# Data for this task
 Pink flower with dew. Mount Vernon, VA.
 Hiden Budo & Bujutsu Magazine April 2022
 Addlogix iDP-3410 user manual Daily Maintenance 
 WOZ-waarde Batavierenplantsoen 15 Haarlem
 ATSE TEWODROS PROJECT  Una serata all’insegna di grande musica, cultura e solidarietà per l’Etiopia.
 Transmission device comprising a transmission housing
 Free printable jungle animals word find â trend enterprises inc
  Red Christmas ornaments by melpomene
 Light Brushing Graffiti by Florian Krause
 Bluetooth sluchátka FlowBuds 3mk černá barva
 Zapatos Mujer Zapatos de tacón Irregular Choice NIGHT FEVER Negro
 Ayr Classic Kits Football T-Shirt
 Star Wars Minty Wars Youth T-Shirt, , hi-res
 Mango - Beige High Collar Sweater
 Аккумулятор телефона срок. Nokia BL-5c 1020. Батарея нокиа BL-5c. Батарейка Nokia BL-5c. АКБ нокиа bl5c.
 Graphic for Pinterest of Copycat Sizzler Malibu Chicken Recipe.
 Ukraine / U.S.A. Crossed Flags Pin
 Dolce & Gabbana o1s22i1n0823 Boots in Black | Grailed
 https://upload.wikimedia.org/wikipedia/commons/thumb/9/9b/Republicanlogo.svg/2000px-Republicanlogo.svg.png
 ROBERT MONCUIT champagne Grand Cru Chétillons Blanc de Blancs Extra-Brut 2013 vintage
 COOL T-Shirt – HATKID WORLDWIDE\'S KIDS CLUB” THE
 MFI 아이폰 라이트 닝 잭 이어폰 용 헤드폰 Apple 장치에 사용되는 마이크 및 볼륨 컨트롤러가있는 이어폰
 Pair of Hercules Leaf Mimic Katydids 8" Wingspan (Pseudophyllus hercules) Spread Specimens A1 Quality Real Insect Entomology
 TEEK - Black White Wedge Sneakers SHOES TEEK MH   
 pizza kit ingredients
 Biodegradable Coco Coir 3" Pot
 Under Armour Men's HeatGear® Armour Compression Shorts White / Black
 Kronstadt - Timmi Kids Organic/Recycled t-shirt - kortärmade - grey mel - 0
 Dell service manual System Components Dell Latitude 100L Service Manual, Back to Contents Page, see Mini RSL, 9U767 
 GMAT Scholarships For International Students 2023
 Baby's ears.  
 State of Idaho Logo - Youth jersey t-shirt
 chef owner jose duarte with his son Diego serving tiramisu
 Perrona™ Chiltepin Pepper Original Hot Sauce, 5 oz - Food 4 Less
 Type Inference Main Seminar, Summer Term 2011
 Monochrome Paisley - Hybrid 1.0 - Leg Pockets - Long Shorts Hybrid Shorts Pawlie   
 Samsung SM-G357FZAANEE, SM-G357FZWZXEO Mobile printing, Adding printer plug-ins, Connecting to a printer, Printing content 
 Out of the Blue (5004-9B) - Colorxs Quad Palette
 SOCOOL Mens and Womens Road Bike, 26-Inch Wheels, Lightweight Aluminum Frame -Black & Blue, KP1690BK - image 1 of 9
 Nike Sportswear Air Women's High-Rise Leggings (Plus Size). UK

# Work item
Beginning with the first line above, could you copy every line exactly, up to and including the one with "Dolce & Gabbana"?

# Solution to the problem
 Pink flower with dew. Mount Vernon, VA.
 Hiden Budo & Bujutsu Magazine April 2022
 Addlogix iDP-3410 user manual Daily Maintenance 
 WOZ-waarde Batavierenplantsoen 15 Haarlem
 ATSE TEWODROS PROJECT  Una serata all’insegna di grande musica, cultura e solidarietà per l’Etiopia.
 Transmission device comprising a transmission housing
 Free printable jungle animals word find â trend enterprises inc
  Red Christmas ornaments by melpomene
 Light Brushing Graffiti by Florian Krause
 Bluetooth sluchátka FlowBuds 3mk černá barva
 Zapatos Mujer Zapatos de tacón Irregular Choice NIGHT FEVER Negro
 Ayr Classic Kits Football T-Shirt
 Star Wars Minty Wars Youth T-Shirt, , hi-res
 Mango - Beige High Collar Sweater
 Аккумулятор телефона срок. Nokia BL-5c 1020. Батарея нокиа BL-5c. Батарейка Nokia BL-5c. АКБ нокиа bl5c.
 Graphic for Pinterest of Copycat Sizzler Malibu Chicken Recipe.
 Ukraine / U.S.A. Crossed Flags Pin
 Dolce & Gabbana o1s22i1n0823 Boots in Black | Grailed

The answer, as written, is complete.